Точно, кивнул Василий, сделал затяжку, лег на подстилку и закрыл глаза. Тот. Точнее не скажешь. А второй раз я его закопал живьем в песок на полосе прилива. Прилив быстро наступал, была плохая, дождливая погода, ветер, волны, знаешь, такие черные с перехлестом. Песок был мокрым и тяжелым. Когда я, наконец, его закопал, вода была уже совсем рядом. Я отошел в сторонку, сел на бархан и закурил. Только голова его птичья высовывалась из песка. Он вертел ею в разные стороны и растерянно щелкал клювом. А человечью голову? Я положил ее в мешок, потом кинул туда кирпич, завязал шнурками от своих кроссовок и опустил все это на мелководье. Чтобы ничего не оставалось в твоем доме от него. В нашем доме. Да, в нашем доме. И что?
И он снова пришел. Когда? Ну, вот когда мы с тобой стоим по колено на мелководье, ты носом тычешься в мой член, а тут он выходит из камышей. И говорит: Клинт, почему эта сучка тычется своим клювом тебе куда попало! Почему ты ей это позволяешь делать? И ты, Клинт, позволил ему назвать меня сучкой? Но, согласись, он был в чем-то прав, пожал плечами Иствуд.
А дальше что? А дальше, он задумался, глядя на быстрые легкие облака, летящие над ними на огромной высоте в светло-синем небе. Дальше не было ничего. Совсем ничего? Да, совсем ничего.
Грустная история, сказала Лиз и пошла за пивом к ручью. Когда она вернулась, Клинт Элайас Иствуд уже спал, сложив руки на груди. Лицо ему прикрывала помятая розовая панама. Под палящим солнцем, в мареве между барханами она просидела часа три, прислушиваясь к ветру и морю, глотая безвкусное пиво, выкуривая каждую сигаретку едва ли наполовину.
Чтение на природе
Мы приехали в тот день компанией. Три черных джипа и микроавтобус. На самом деле в заповедник заезжать нельзя, но какого хрена! Так сказал Иван Сергеевич и покачнулся. Упал бы, боров жирный, если бы не я. Ленка, заорал он мне, неси стул, рыбу ловить буду. Посмотрела так на него. Ну какой такой стул? Я на каблуках. А тут песок. И потом это не офис, а пикник. Это в офисе я ему и секретарь, и кухарка, и еще неизвестно что. А тут – какого хрена, в самом деле!

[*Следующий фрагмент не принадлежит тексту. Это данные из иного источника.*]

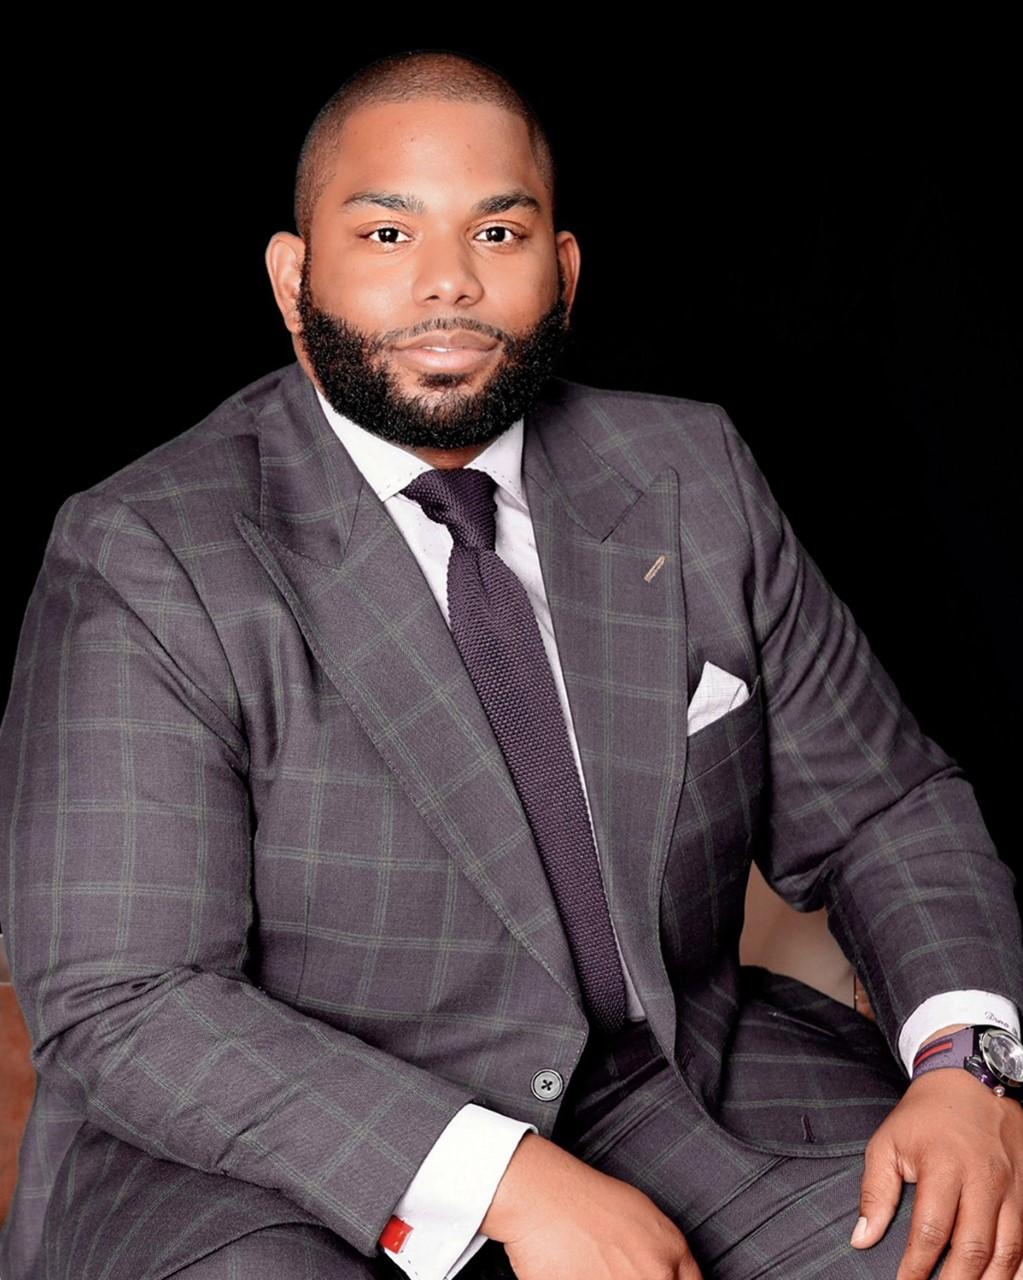 Rev. Dr. Drew Kyndall Ross

Мишка подскочил и помог со стулом. Потом парни из экономического отдела подсуетились. Так что нам с девчонками и делать-то ничего не нужно было. Столик установили на самой окаемке мыса на небольшом холме. Ветрено тут было страсть, но Сергеич ни в какую не соглашался сойти в ложбинку. Только когда оказалось, что пластиковые тарелки от этого ветра разлетаются вместе с мясом и шампурами, тогда парням удалось убедить его спуститься. Он спустился и тут же сомлел. Там, где не было ветра, тлела жара, а шеф уже взял на грудь почти литр. К нему в офис немецкие партнеры заезжали и поздравляли его еще до того, как мы в машины сели.
В общем, сел и засопел. Его тактично отнесли к джипам. Прислонили к подветренной стороне и оставили. Я пледом его укрыла. Тигровым. На нем, правда, пятна остались еще с прошлого пикника, но те пятна пусть он сам, сука такая, отстирывает. Или пусть жене своей отнесет. Ей все равно впечатлений не хватает новых, от скуки мается, вот бы и впечатлилась. Хотя я думаю, что не так она и проста. Как-то видела из окна машины, как она на корточках у пруда птиц кормила. Мобильник и сумочку на землю бросила и булку крошила. Утки к ней подплывали, голуби садились рядом. Она была счастлива. Я даже онемела. Чтобы она – и птиц? У нее было такое молодое лицо, что я даже чуть не заплакала.
Ленка, да хватит тебе с ним возиться, сказал Мишка, брось старика, там, смотри, пацаны молодые заждались! Чего заждались, говорю я, чего заждались. А того и заждались, хихикает Мишка, женской компании заждались. Так у вас же, говорю, там семь девок, как раз по одной на каждого. А он говорит, мол, без тебя, Лена, ты же знаешь, и праздник не праздник, и смотрит так на меня. Мне отчего-то так неприятно сделалось. Нет, я все понимаю, они на меня как на млять смотрят. Чего уж тут. Но млять или не млять, а квалифицированный специалист! У меня два высших, незаконченная диссертация по Эдгару По, и компьютер я знаю. И муж у меня был хороший, даром что помер рано. Но я сняла туфли и все равно пошла по песку за Мишкой. Чего выгребываться на ровном месте, тем более что мне мое место хорошо известно.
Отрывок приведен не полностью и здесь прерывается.